Göç konusunun, “Sen kaybedersen, ben kazanırım” mantığıyla ele alınmaması gerektiği yönünde görüş bildiren İmamoğlu, “Birlikte kazanmaya odaklanmalıyız. Biz, ‘kazan-kazan’ diyoruz. Çünkü bunun alternatifi ‘kaybet-kaybettir.’ Bütün bunlar ve başka konular, şehirlerimizi 21. yüzyıla hazırlamak için atmamız gereken adımlardır. İstanbul ve Atina arasında bir dostluk köprüsü kurarken, Türkiye ve Yunanistan arasında da barışın ve dostluğun bir tercih değil, zorunluluk olduğu bilinciyle hareket ediyoruz.

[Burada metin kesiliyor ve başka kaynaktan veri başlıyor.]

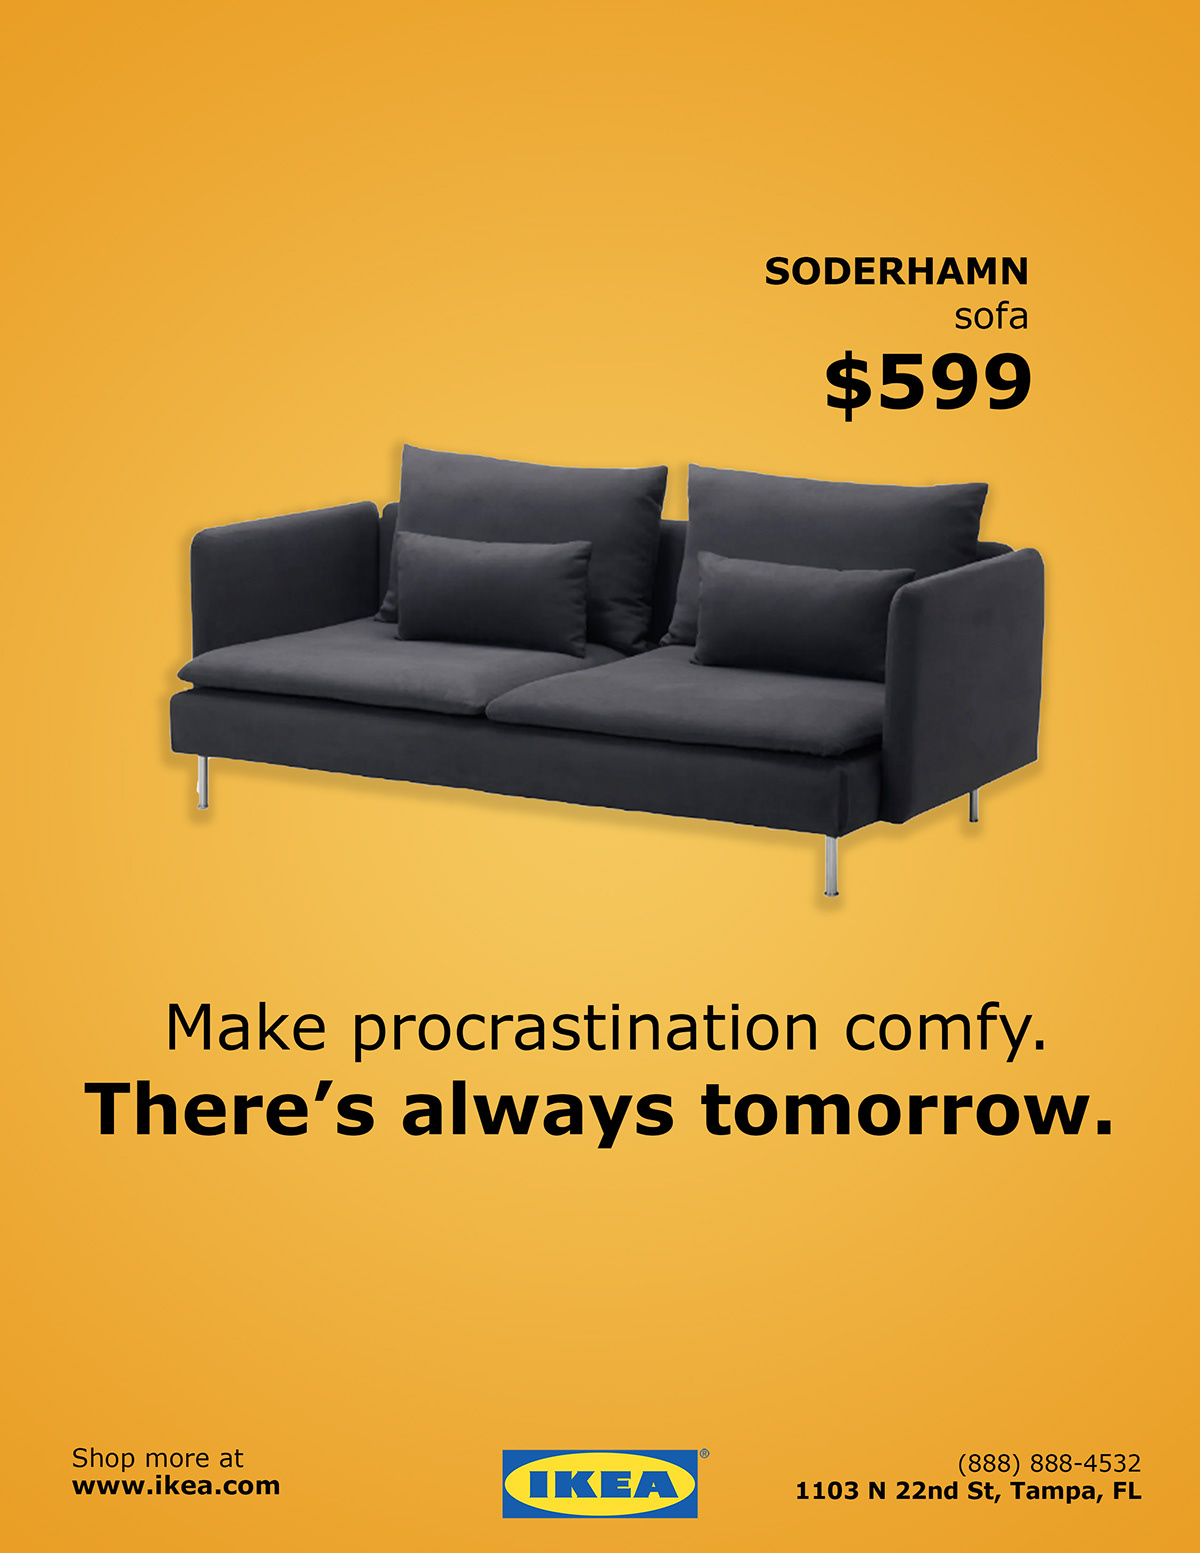 Ikea Ads on Behance
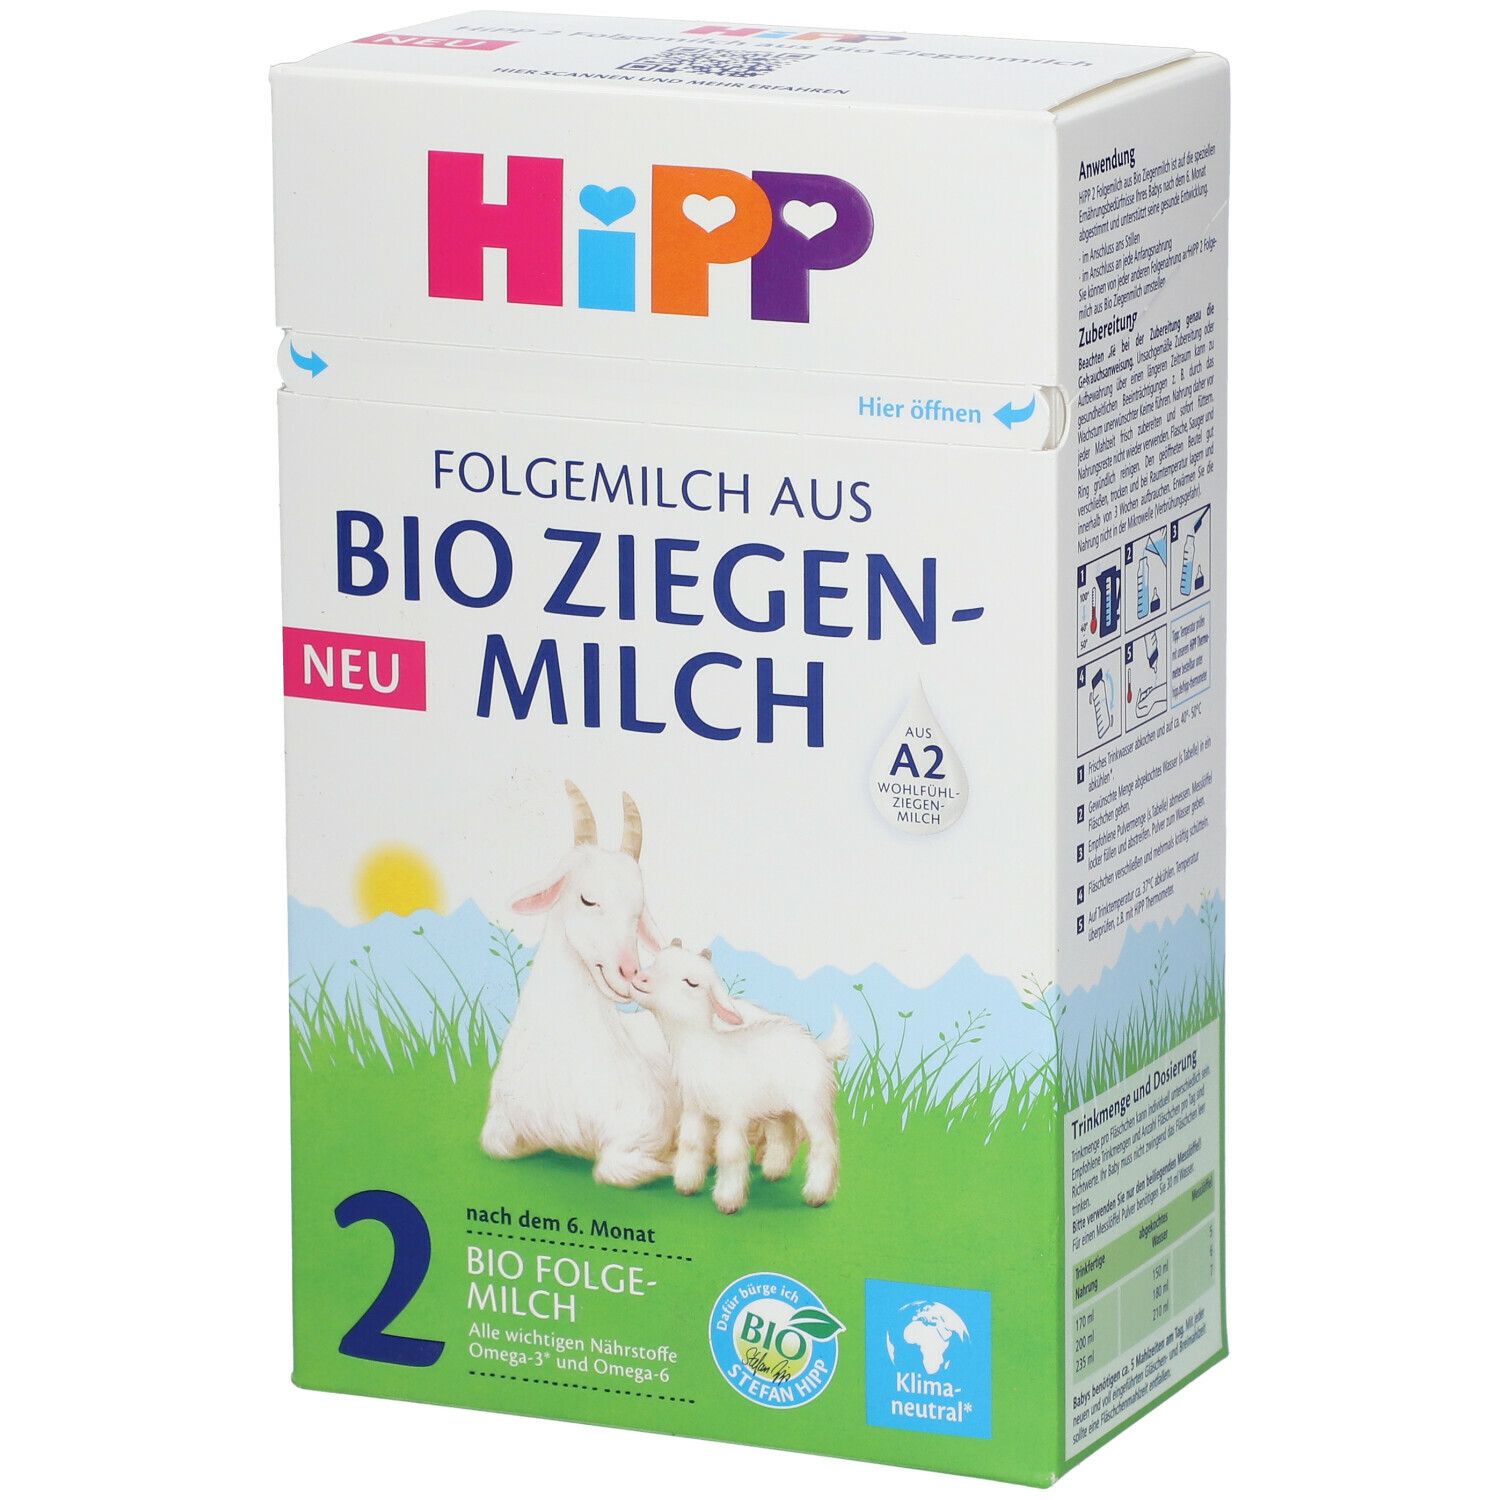 HiPP 2 Folgemilch aus Bioziegenmilch

Bu anlamda Kostas ile başlattığımız süreç ve bu ziyaretin de Ege’de ülkelerimiz arasında barış ve huzura katkı sağlamasını temenni ediyorum. Bizlerin aldığı inisiyatifin ülkelerimiz arasında diyalog kapısının aralamasına yardım edeceğine inanıyorum. İstanbul ve Atina, Türkiye ve Yunanistan arasında dostluk, bir tercih değil, tarih ve coğrafyanın bize dayattığı bir zorunluluktur. Ve biz bu zorunluluktan aldığımız ilhamla ilişkilerimizi karşılıklı kazanca dönüştürme iradesinde ortaklaşıyoruz” şeklinde konuştu.

BAKOYANNİS: “UZUN YOLCULUKLARIN BİR TEK ADIMLA BAŞLADIĞINI BİLİYORUZ”

Ev sahibi Bakoyannis de “Gelecek başımıza gelmesini beklediğimiz şey değildir, başımıza gelmesini sağladığımız şeydir” şeklinde başladığı konuşmasını şöyle sürdürdü:

“İstanbul’daki ziyaretimin karşılığı olarak, Atina’yı ziyaret etmenize yönelik davetimi kabul etme nezaketinizle ve kurduğumuz yaratıcı diyalogla, ortak geleceğimiz için yeni ve iyi bir başlangıç yapıyoruz. Sorunlar, aşağıdan yukarıya doğru çözülür. Sorunları insanlar yaratır, insanlar çözer. Sorunları hükümetler bile yaratsa, eminim ki halklar çözebilir. Bu yaz ülkelerimizi yaralayan yangın felaketlerinde ve yıllar önce gerçekleşen depremlerde toplumlarımızın hissettiği duygular bize umut veriyor. Uzun yolculukların bir tek adımla başladığını biliyoruz. Biz de şehirlerimiz arasında bir köprü kurduk. Atinalılar ve İstanbullular bu köprüden geçmeye hazır. Belediyelerin görevi, insanlarımızı ve şehirlerimizi güçlendirecek politikalar üretmektir. Böyle politikalar üretelim ki iklim krizi ile mücadele edelim, ekonomik fırsatlar yaratalım, teknolojik gelişmelere yetişelim, sosyal yaraları tedavi edelim, göçmen meselesine insani ama sınır koyan bir yönetim oluşturalım, kültürel değerleri zenginleştirelim.”

İmamoğlu ve Bakoyannis, konuşmaların ardından birbirlerine, yönettikleri şehirleri anlatan karşılıklı hediyeler verdi.